San Diego County

Robust Fundamentals will Grow Economy, Although New Risks Abound Today

The San Diego region’s economy displays robust fundamentals and will continue expanding in 2019—although probably at a slower pace. However, certain risks could impact local businesses and consumers going into 2020 and turn into a recession.

That’s according to local experts and organizations recently presenting a slew of economic forecasts in January, including the San Diego Association of Governments (SANDAG), the School of Business at University of San Diego, the Fermanian Business and Economic Institute at Point Loma Nazarene University, and the San Diego Business Journal. The keynote speakers’ opinions spotlight intriguing viewpoints, trends and projections so your credit union can plan appropriately.
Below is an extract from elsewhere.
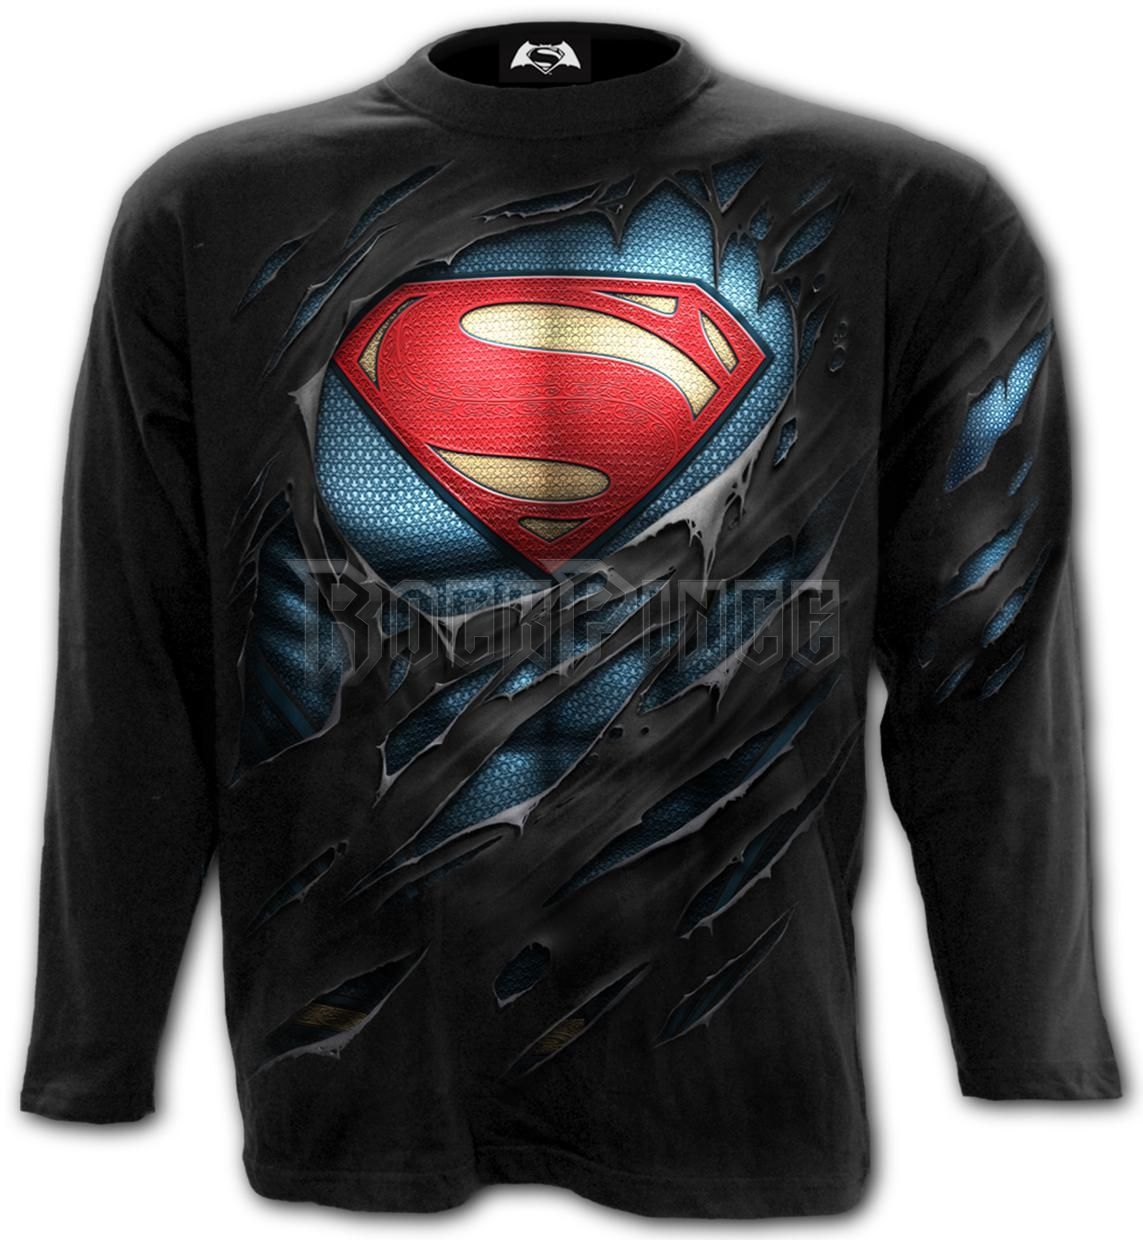 SUPERMAN - RIPPED - Longsleeve T-Shirt Black (Plain) - G407M301
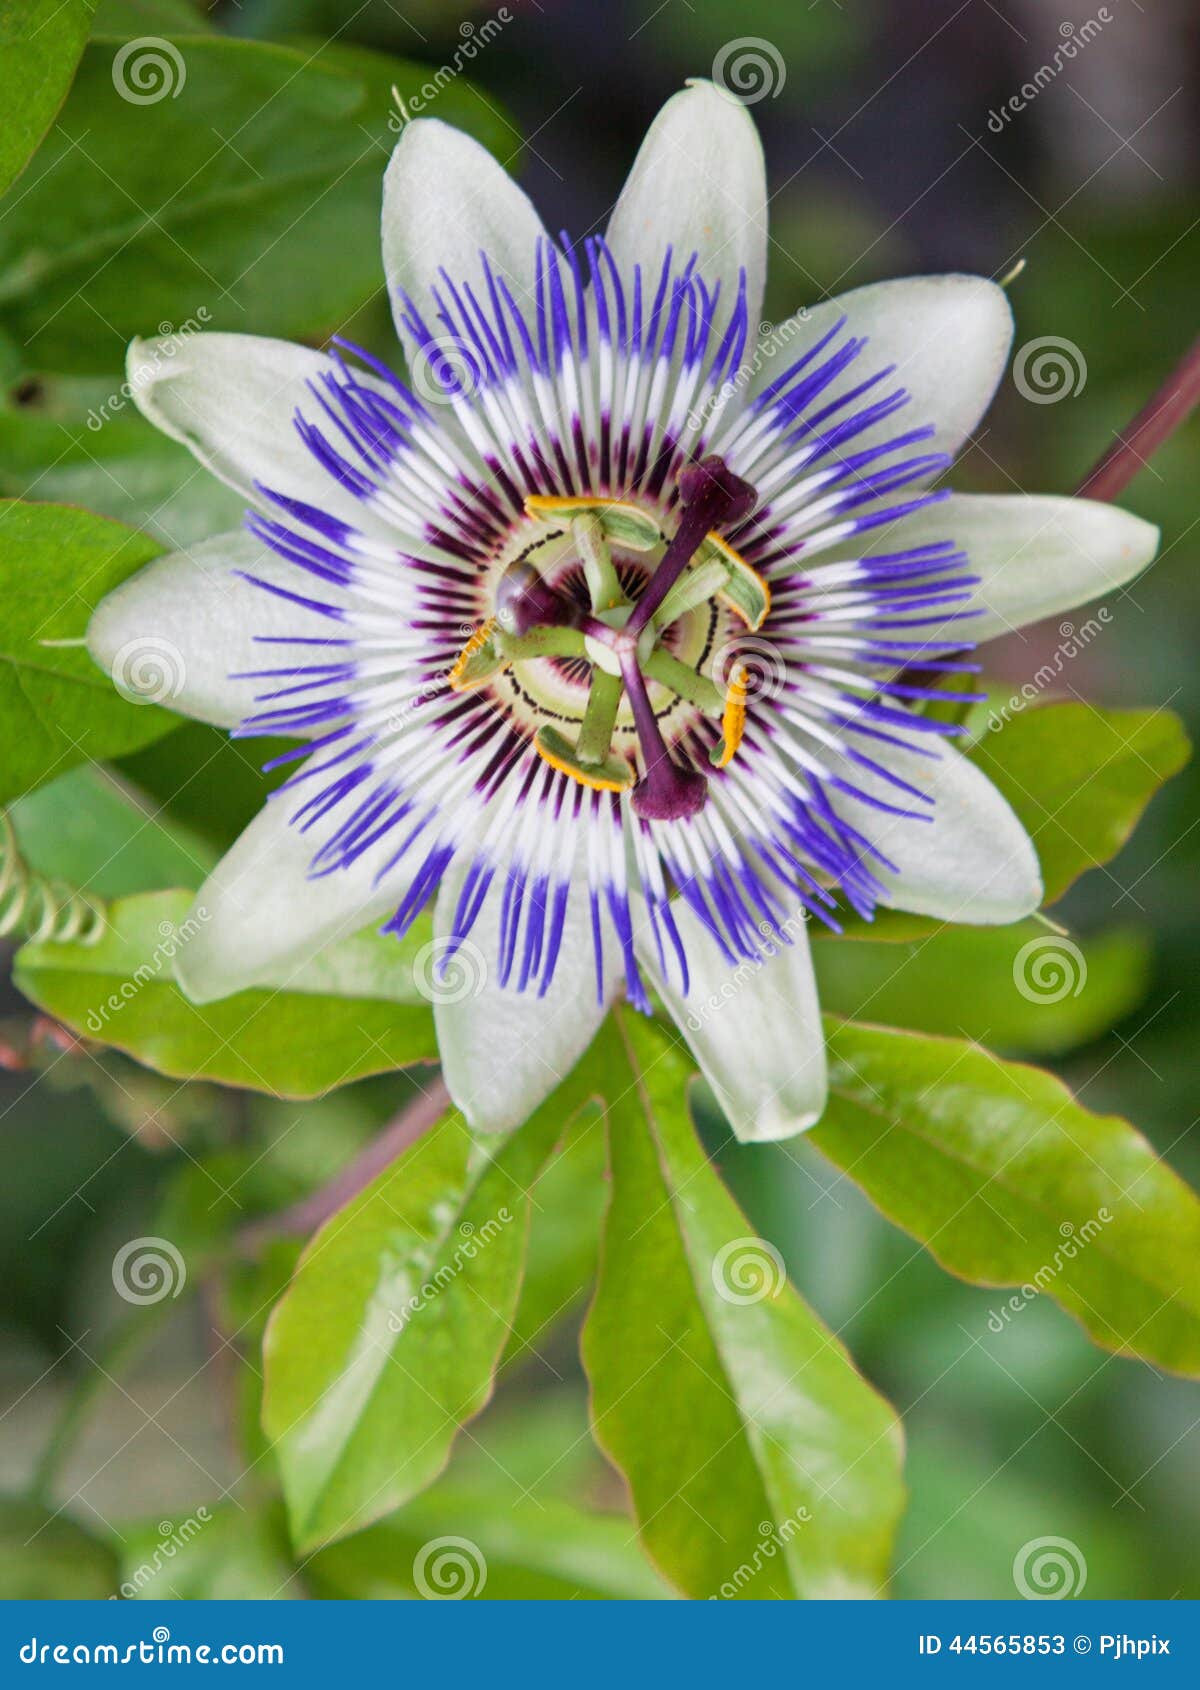 common passion flower (passiflora caerulea)

Click here for the entire archived forecast report, or view the synopsis below:

San Diego County Forecast

  • If a recession is forming on the horizon for San Diego County and the nation, it hasn’t come into sight just yet—especially as the region’s “local GDP” will probably hit a record this year. Experts say there is too much positive business and consumer activity in the pipeline to throw the economy off course in 2019—although sometime in 2020 is a possibility (the question is whether it happens sooner versus later in the year, if at all). Nonetheless, the county’s Gross Regional Product (similar to the most widely used national economic measurement of U.S. Gross Domestic Product or GDP) will hit a record $253 billion in 2019 (up 46 percent from a low of $173 billion in 2009).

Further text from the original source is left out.